This article is the first in a series that will discuss various aspects of hyperphosphatemia in patients with renal disease. Csaba P. Kovesdy, MD, chief of nephrology at the Salem VA Medical Center, in Salem, Va., is the series editor.
Phosphorus is an essential element that serves as a building block of the bony skeleton, adenosine triphosphate, nucleic acids, phospholipid membranes, and blood and urinary buffers.
The kidney is the main organ responsible for maintaining phosphorus homeostasis, and the development of CKD invariably leads to phosphorus retention, even though a series of adaptive responses (such as increases in parathyroid hormone and fibroblast growth factor [FGF]-23 levels) are set in motion to alleviate the impact of lower glomerular filtration rate on phosphorus balance.
Clinical manifestations of hyperphosphatemia usually become evident in patients with CKD once lack of substantial kidney function combines with inefficient phosphorus clearance by thrice-weekly dialysis. This results in a persistent positive phosphate balance unless the amount of absorbed phosphorus is reduced.

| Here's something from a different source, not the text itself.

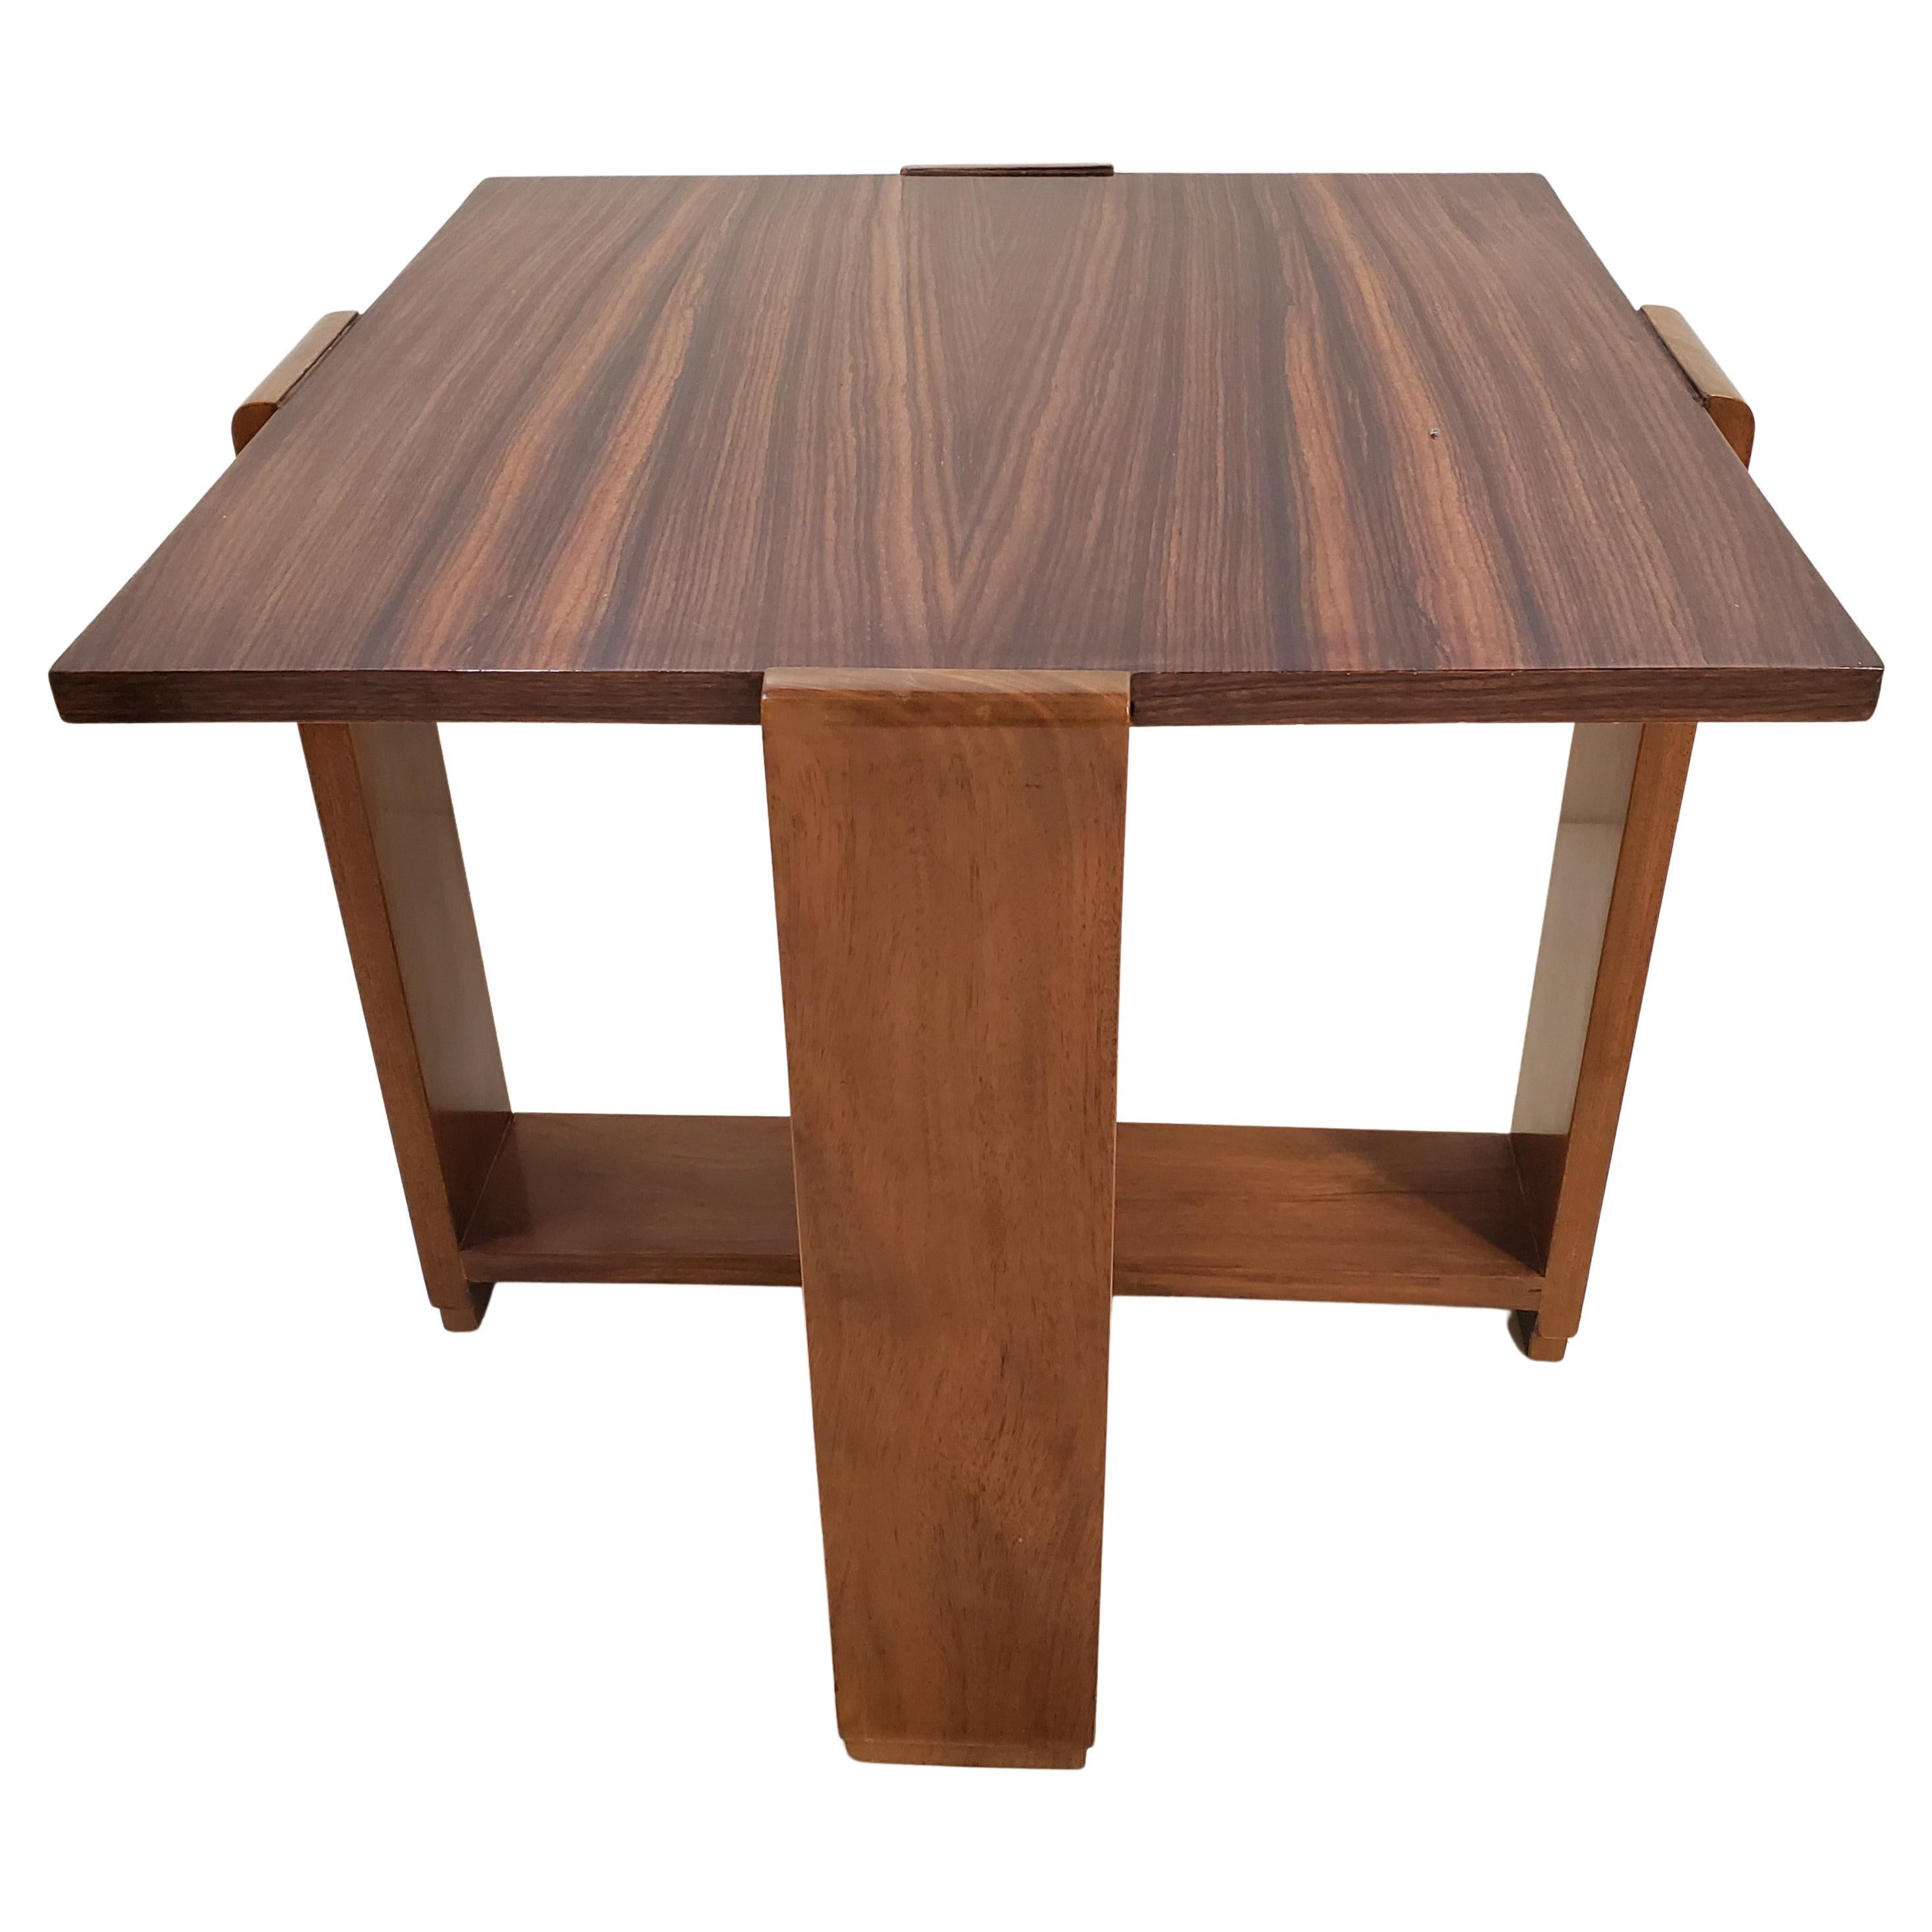 Original French Art Deco Macassar Ebony Square Table, Michel Roux-Spitz For Sale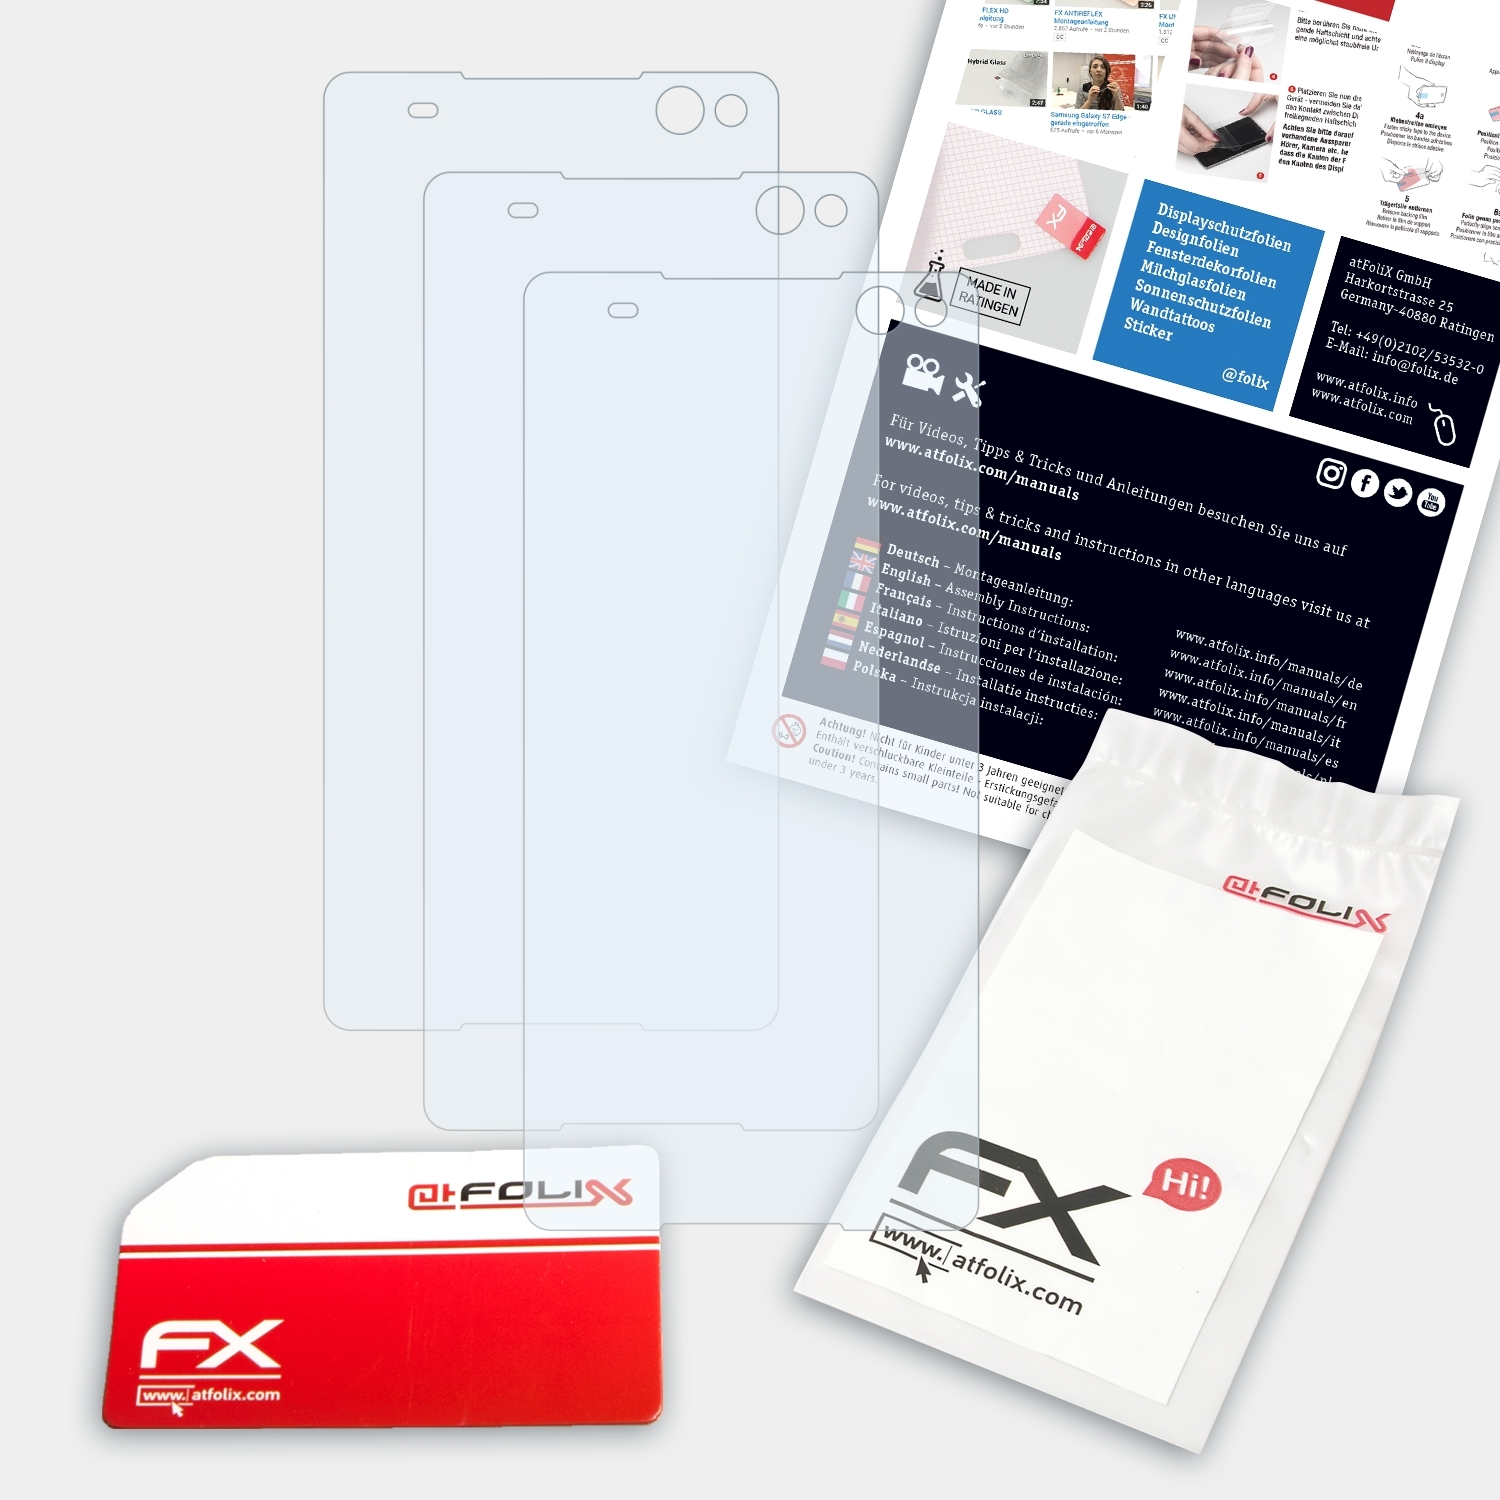 ATFOLIX 3x FX-Clear Displayschutz(für Sony C5 Ultra) Xperia

A variety of interventions are known to alleviate higher serum phosphorus levels. The question arises, though, about the benefit derived from lowering those levels.
The impact of hyperphosphatemia on survival has been examined in several large observational studies. Elevated serum phosphorus has been associated with increased mortality in dialysis patients (J Am Soc Nephrol. 2004;15:2208-2218 and Kidney Int. 2006;70:771-780) and in patients with non-dialysis-dependent CKD (NDD-CKD) (J Am Soc Nephrol. 2005;16:520-528 and Nephrol Dial Transplant. 2007;22:2909-2916).
These associations are especially surprising in the latter group, as frank hyperphosphatemia is rarely seen in patients who are not on dialysis; indeed, the studies referenced have found that the increase in mortality associated with higher serum phosphorus was evident even with levels that were still in “normal” range.
Challenging our understanding of normality when it comes to serum phosphorus levels, studies in patients with normal kidney function (and hence with supposedly normal phosphorus homeostasis) have also found that higher (albeit still within normal range) serum phosphorus was associated with increased mortality and cardiovascular event rates (Circulation. 2005;112:2627-2633).
In addition to the increased mortality described in previously cited studies, higher serum phosphorus was also found to be associated with more significant loss of kidney function in NDD-CKD (Clin J Am Soc Nephrol. 2006;1:825-831).